- Died: c. 595
- Venerated in: Roman Catholicism
- Feast: 27 October

= Colman of Templeshambo =

Irish Catholic saint

Saint Colman of Templeshambo (also called Templeshanbo) was a Catholic saint from Connacht, Ireland. He has been confused with the patron of Kilmacduagh, but he lived somewhat earlier, and the sphere of his ministry lay in the present County Wexford.

==Life==
Colman was the son of Eochaidh Brec, and Fearamhla. He was a contemporary of Máedóc of Ferns (also known as Áedan), who appointed him Abbot of Templeshambo, the mother church of Enniscorthy. It was anciently called "Shanbo-Colman" (Colman's old tent or booth) from St. Colman O'Ficra, the founder and patron, who lived in the seventh century, and who was held in great veneration there during the long lapse of years that the monastery continued to flourish after his death.

==St. Colman's Teals==
Many legends are told of Saint Colman and of his holy well with its sacred ducks. In former days a large pond supplied from the well, where for ages after St. Colman's death a number of ducks were kept, which were believed to be under the saint's special protection, and on this account were regarded with affection and treated with great tenderness. They were quite tame and took food from the hand, never flying away at the approach of pilgrims, and never avoiding the gentle familiarities of the people.
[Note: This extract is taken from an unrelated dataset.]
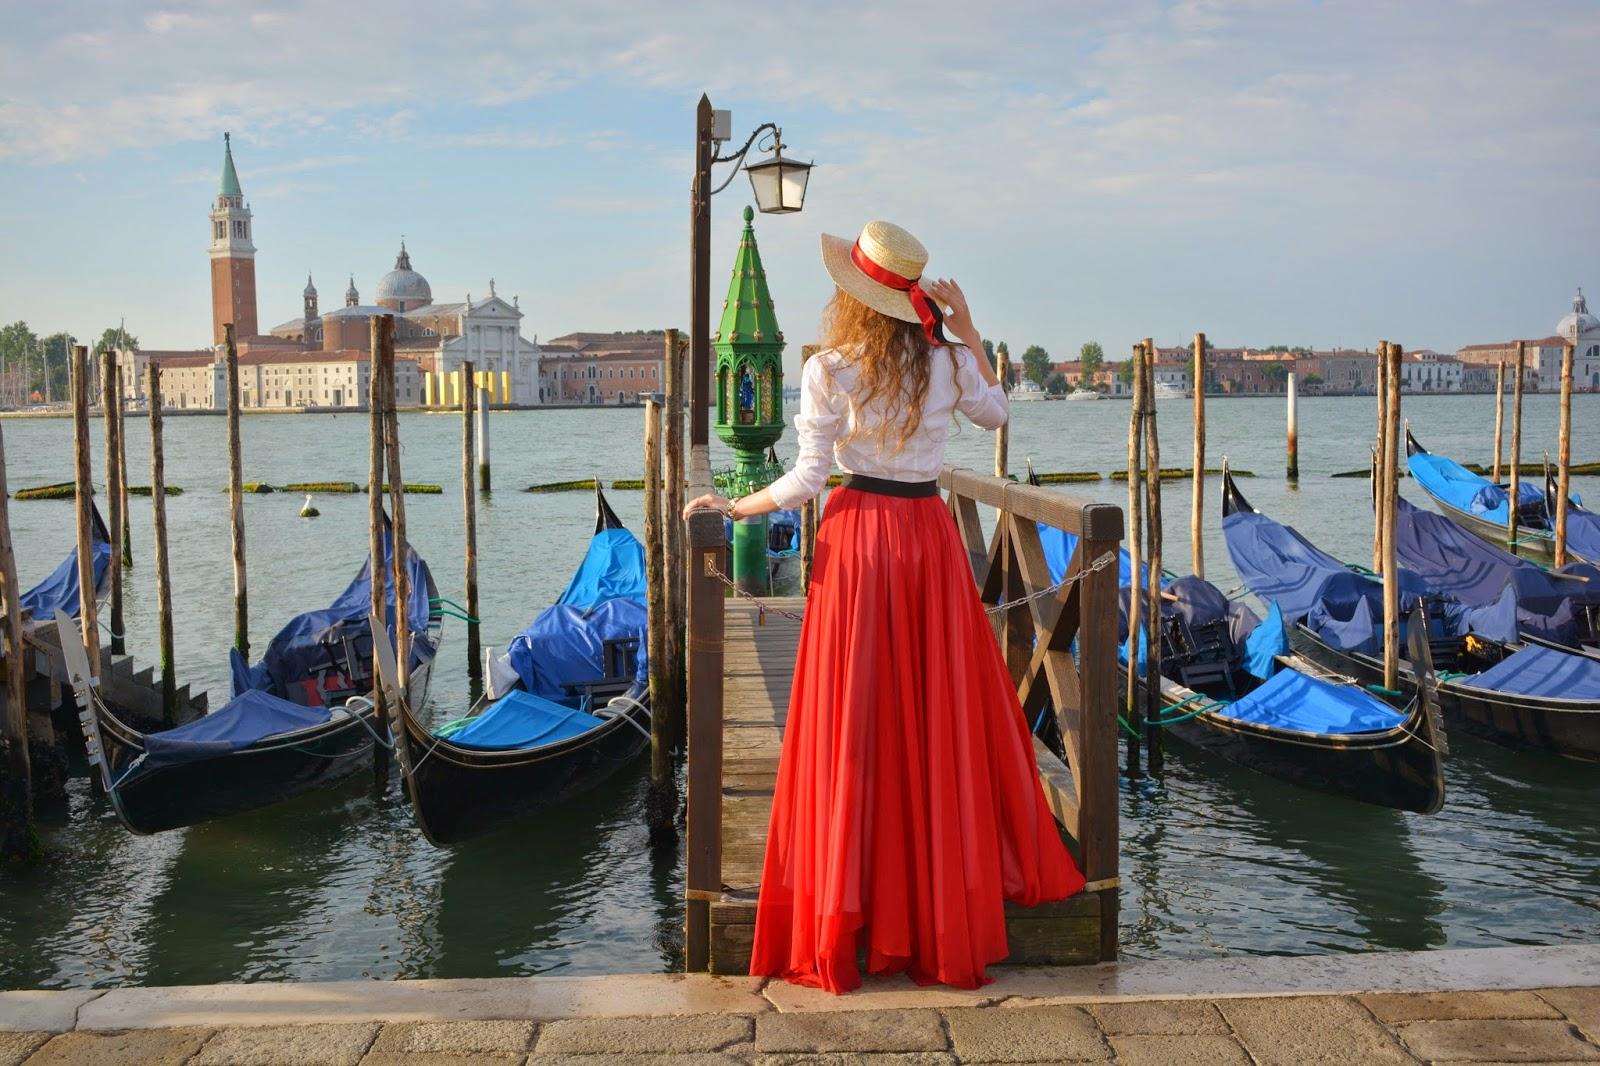 фотосессия на фоне гондол в венеции

Nothing could harm them: and the legend tells in particular that it was impossible to cook them. As they were so tame, persons fetching water from the pond on a dark night sometimes by an unlucky chance brought one of them away in the vessel without knowing it, and threw the contents, bird and all, into a pot over a fire to be boiled. Whenever this happened no matter how the people heaped on wood, or how long the fire was kept up, the water still remained as cold as when it was taken from the pond; and in the end the little duck was found not in the least harmed, swimming about unconcernedly on the top. It was of course brought back to the pond: and after this the water in the pot got heated and boiled without further trouble.

Gerald of Wales, in his Topography of Ireland, recorded some of these stories about the saint's sacred teals, which could not be harmed: illustrations on the lower part of Gerald's relevant manuscript depict the teals taking food from a human, a kite paralysed while attempting to take one of the teals as prey, and a fox choking on one of the birds.
He is said to have laboured zealously at the foot of Mount Leinster in the Blackstairs Mountains, his monastery being known as Temple Sean Bothe. He died c. 595 on October 27, which is his feast day, as recorded in the "Martyrology of Donegal".